Omit all images, then repeat exactly the lines below from the one containing "防衛高潔な肉腫メンズ シルク手袋 手袋" through the one containing "Luna2.thumb.jpg.715929864c47830f7df51899548db216.jpg", both ends included.

◆ DATA SHOWN ◆
========================

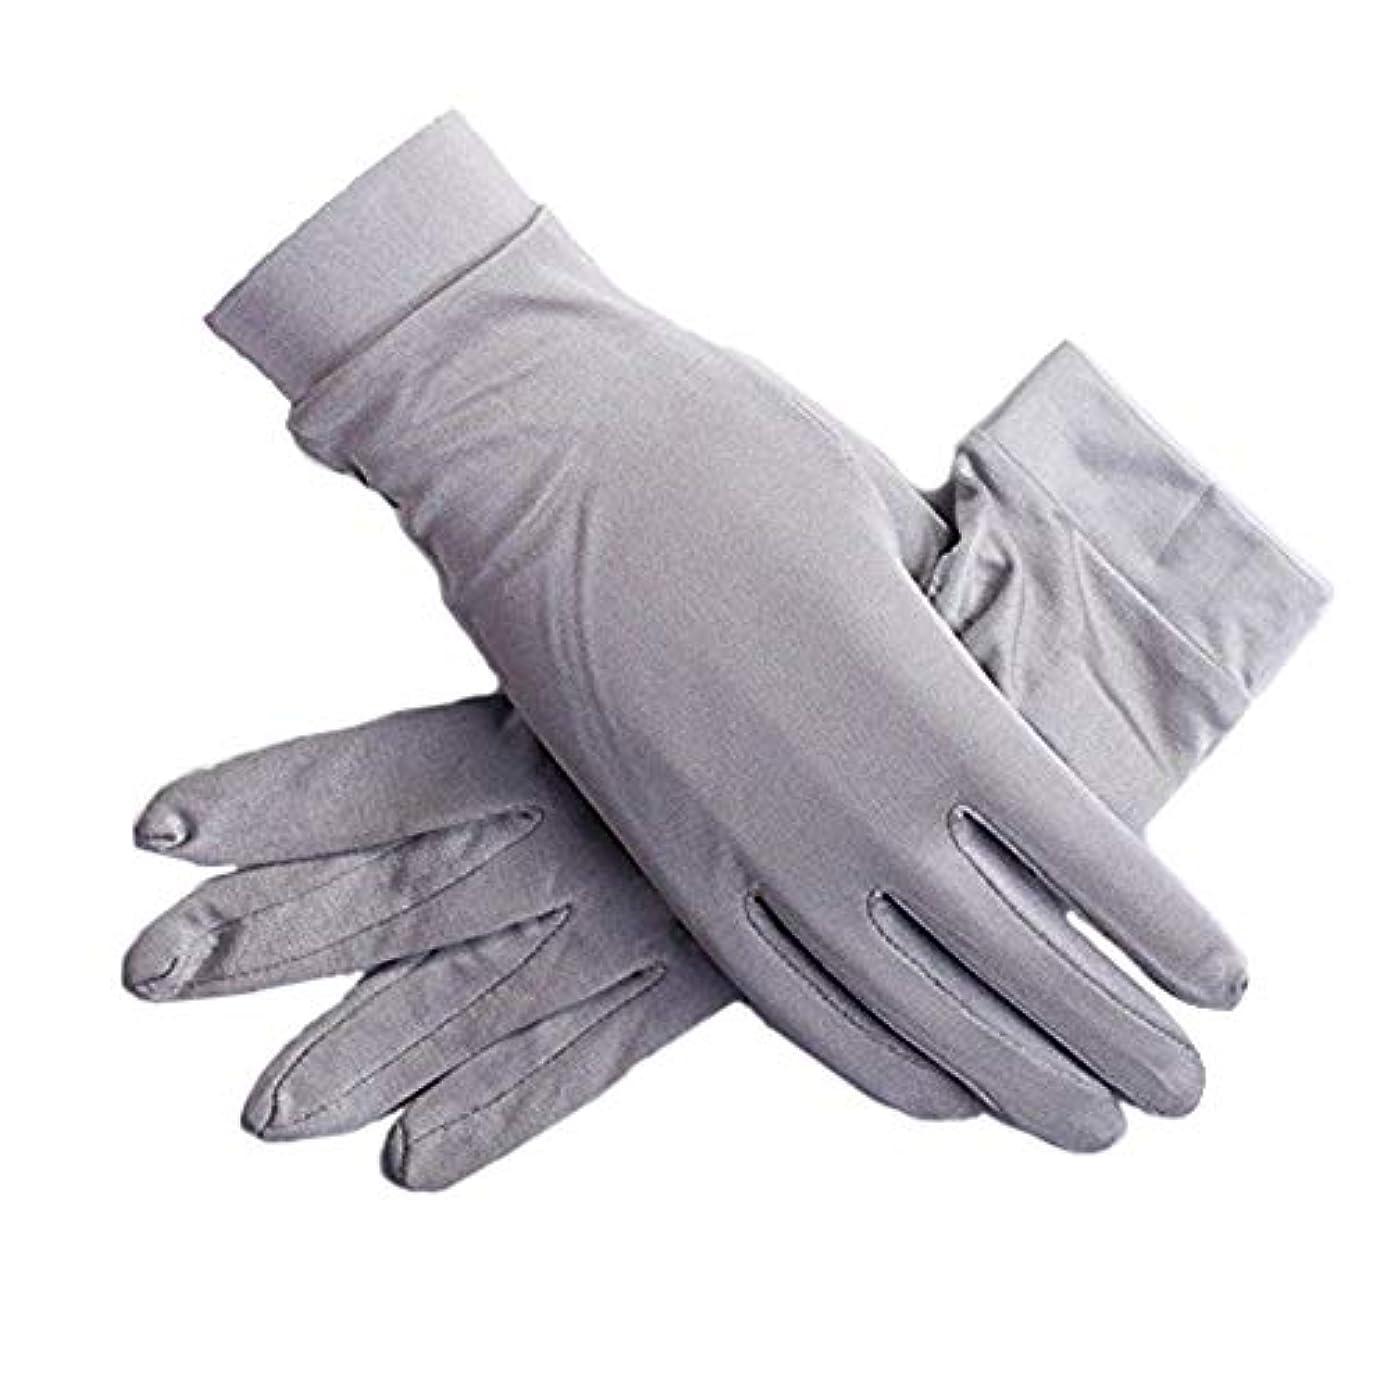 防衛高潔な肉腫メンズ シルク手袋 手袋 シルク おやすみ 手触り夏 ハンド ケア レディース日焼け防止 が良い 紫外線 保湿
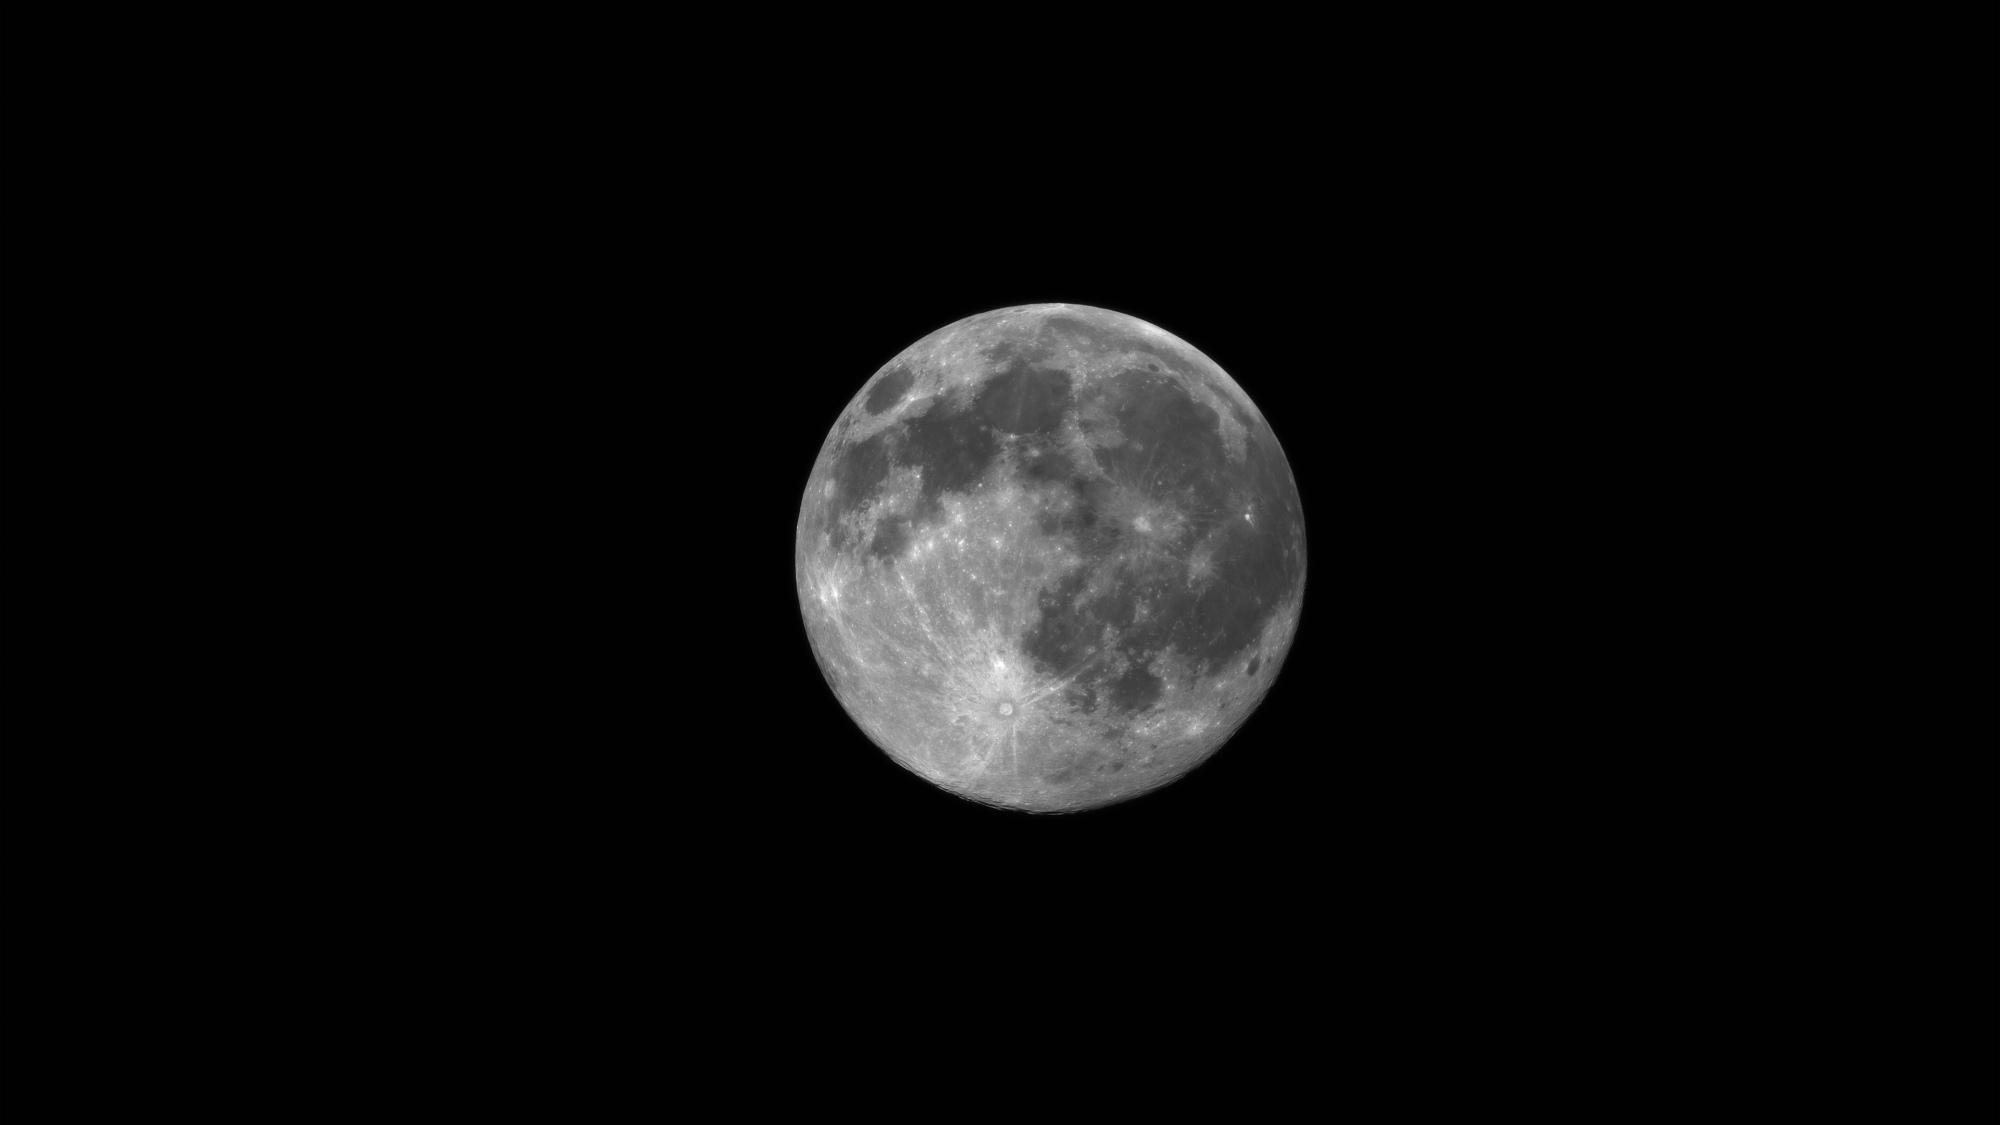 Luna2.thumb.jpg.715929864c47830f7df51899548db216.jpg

========================

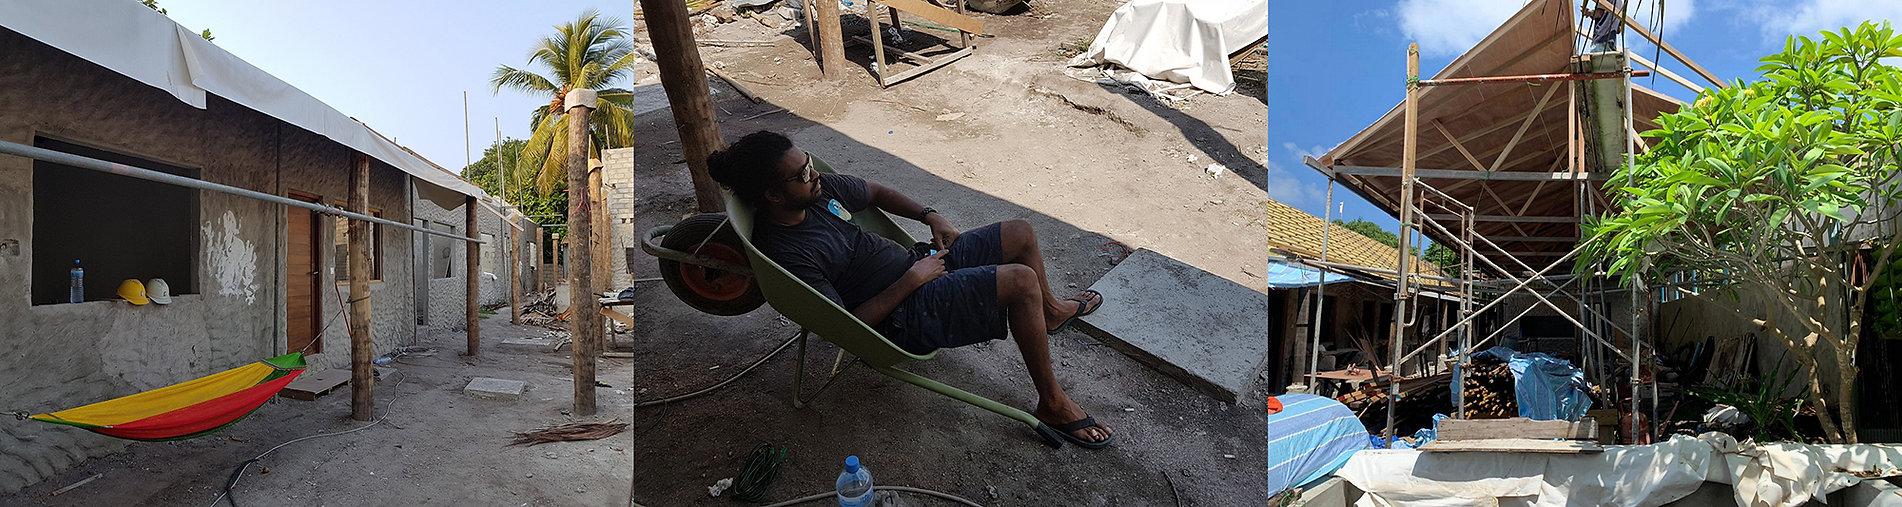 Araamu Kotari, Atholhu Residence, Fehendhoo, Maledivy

========================

◆ TASK ANSWER ◆
 防衛高潔な肉腫メンズ シルク手袋 手袋 シルク おやすみ 手触り夏 ハンド ケア レディース日焼け防止 が良い 紫外線 保湿
 Luna2.thumb.jpg.715929864c47830f7df51899548db216.jpg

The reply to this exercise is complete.